Succession proposals can be fueled by the narcissism of small differences, where similarities between groups serves to make people more narcissistic and hyper-competitive.
The United States can be seen as having begun as a succession from the British Empire, and even today the US and Canadian governments inflame the narcissism of small differences by keeping Machias Seal Island as a disputed territory. Even when the ocean border was delineated to the east, the status of the island was purposely left unresolved. The lighthouse on the island is known for having lighthouse keepers; two Canadian Coast Guard members are kept stationed there in order to prevent Americans from coming and replacing the Canadian flag with an American one. The lighthouse keepers come and go on a 28-day rotation.

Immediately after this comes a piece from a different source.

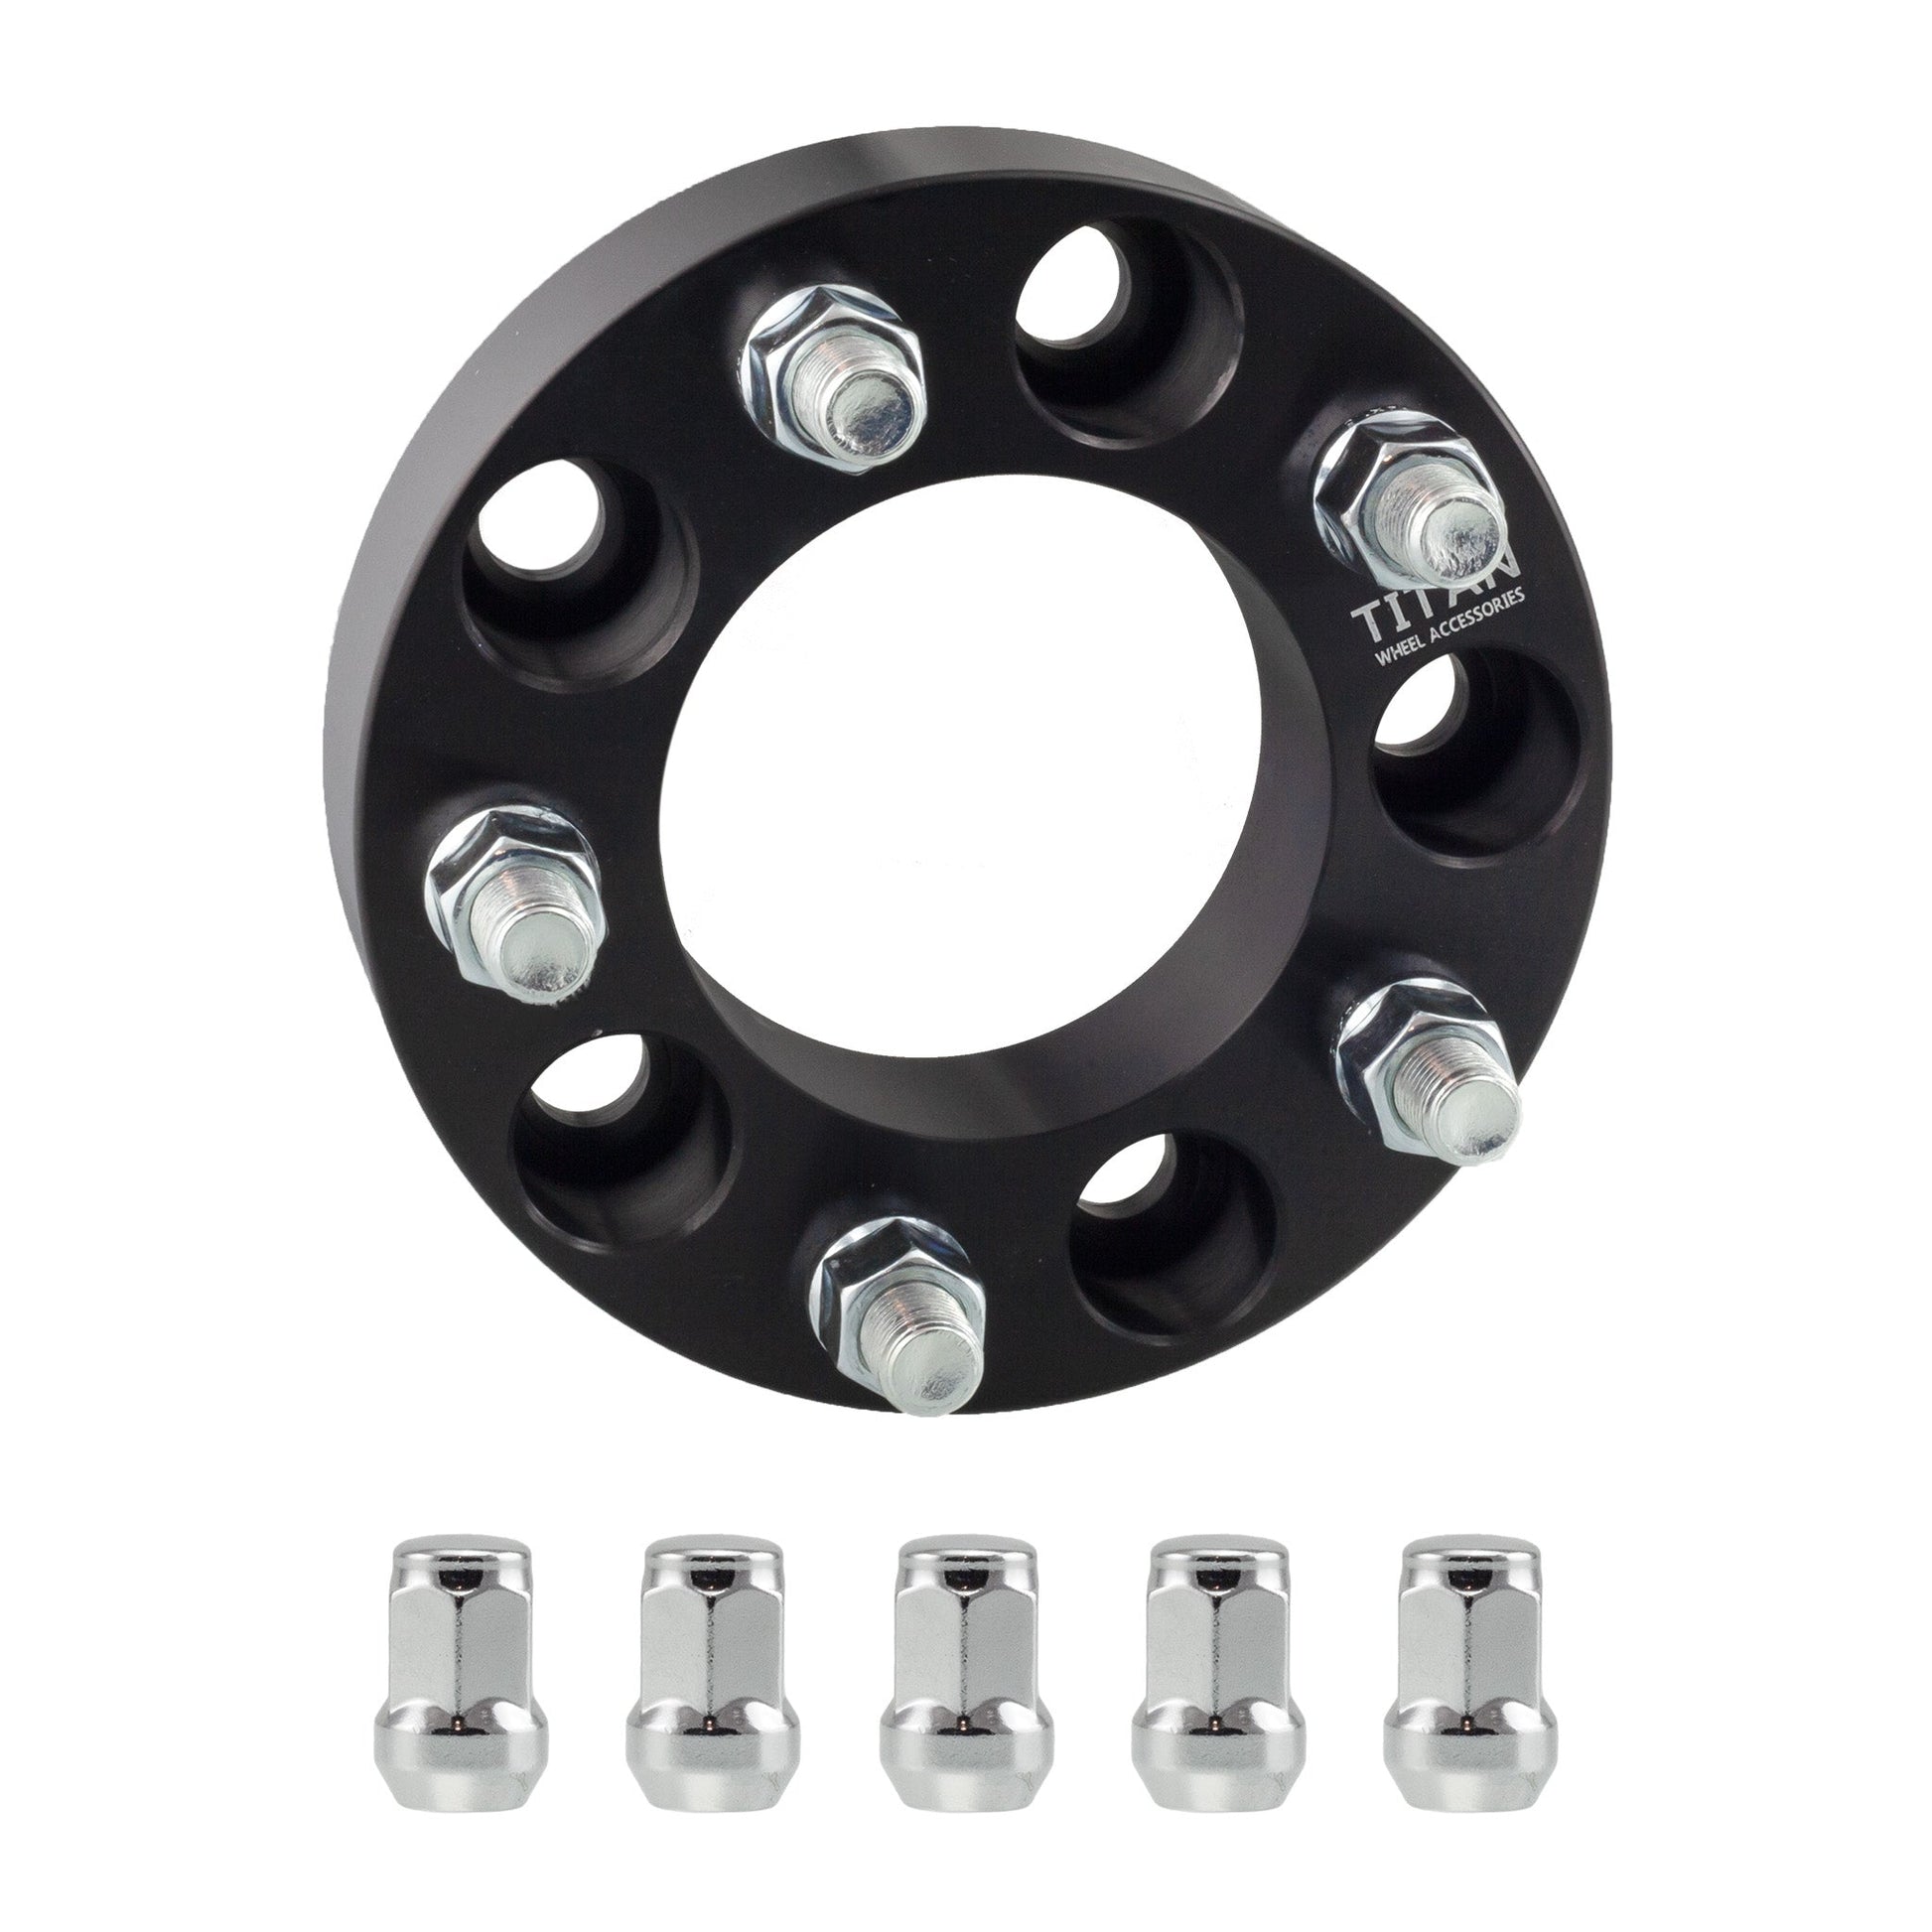 1.25" (32mm) Titan Wheel Spacers for Jeep Wrangler TJ YJ XJ KJ | 5x4.5 (5x114.3) | 1/2x20 Studs | Titan Wheel Accessories

A succession movement from Door or Brown counties would also foster the narcissism of small differences elsewhere in Wisconsin and neighboring states. For example, the name “Cherry Republic” is already in use to refer to an area to the east of Door County where cherries are grown in Michigan. If Door County tried to be the Cherry Republic, this could make people in the other Cherry Republic displeased with the approbation of their brand.
The legal arguments for voiding the 1831 treaty and forming a State of Menominee could be at least as strong as the legal arguments for a State of Brown. Yet would anyone in Door County want it? Peninsulas seem fairly protected by geography, but things don’t always end up the way they were originally anticipated. Crimea is an example of this.
In Door County, the use of flags for political causes is an example of the narcissism of small differences. A court case dealing with group flags led to a settlement with the city of Boston for $2.125 million in attorney's fees and other costs. Boston now requires a city council resolution or mayoral proclamation to raise extra flags. Yet if the city allows some political or religious flags, but not others, this may end up in court again, time will tell.
The county board restricted the types of flags on county-owned flagpoles, but Cana Island will continue to have a US Lighthouse Service Pennant; that lighthouses need their flags is something the two Canadian Coast guard members would appreciate.